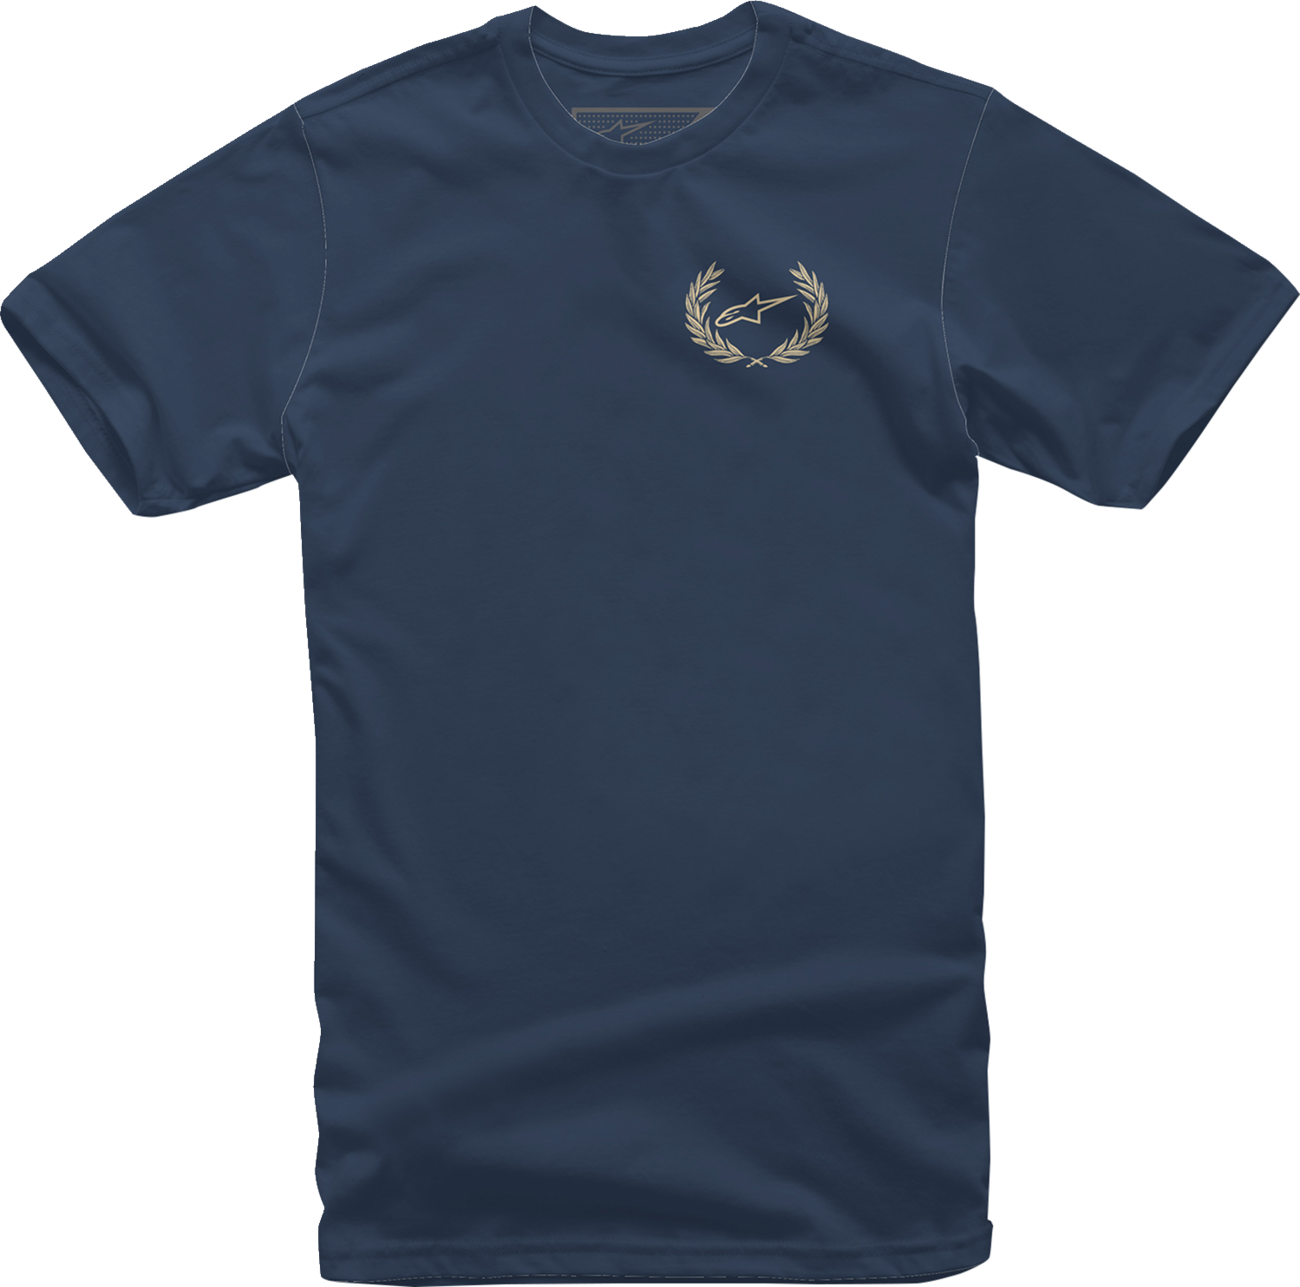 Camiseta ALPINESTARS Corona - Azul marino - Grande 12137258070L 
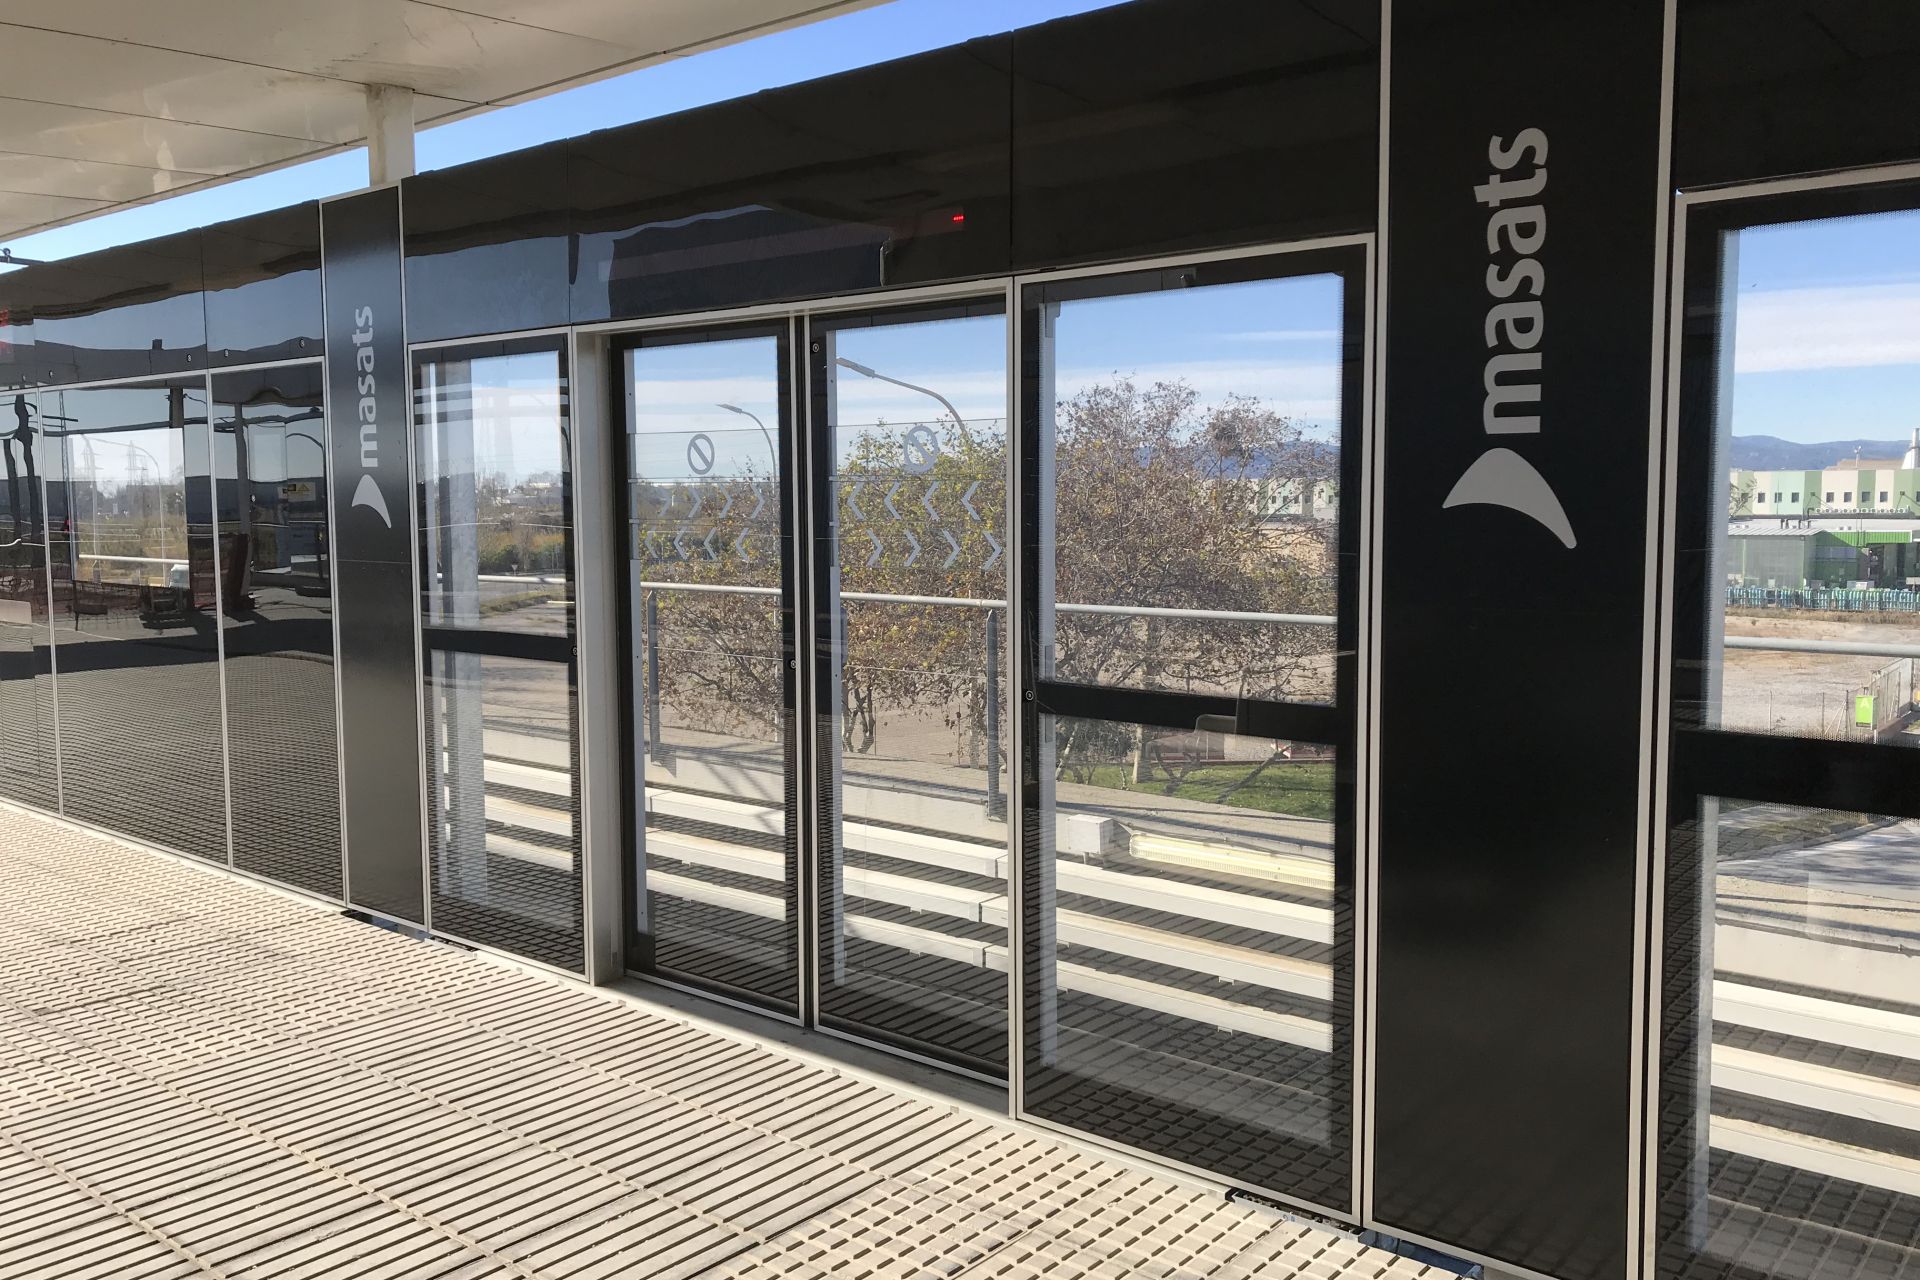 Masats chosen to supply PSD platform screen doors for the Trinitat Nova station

==

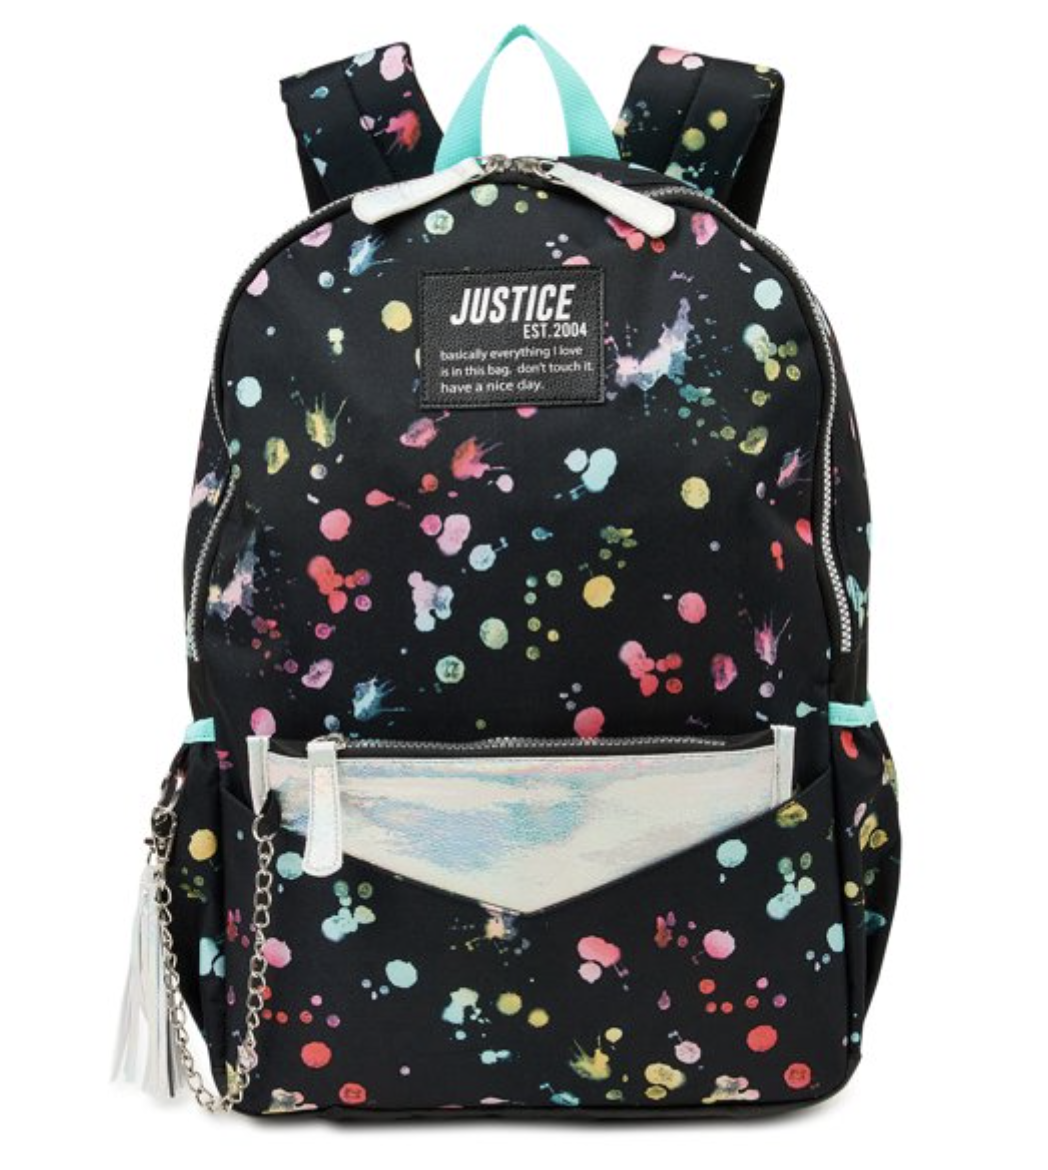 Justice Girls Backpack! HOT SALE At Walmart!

▶ **TASK TO COMPLETE**: What is wanted is an exact copy of the lines above from the one containing "Camiseta ALPINESTARS Corona" through the one containing "Masats chosen to", with no pictures in it.

▶ **YOUR RESPONSE**:
 Camiseta ALPINESTARS Corona - Azul marino - Grande 12137258070L 
 Masats chosen to supply PSD platform screen doors for the Trinitat Nova station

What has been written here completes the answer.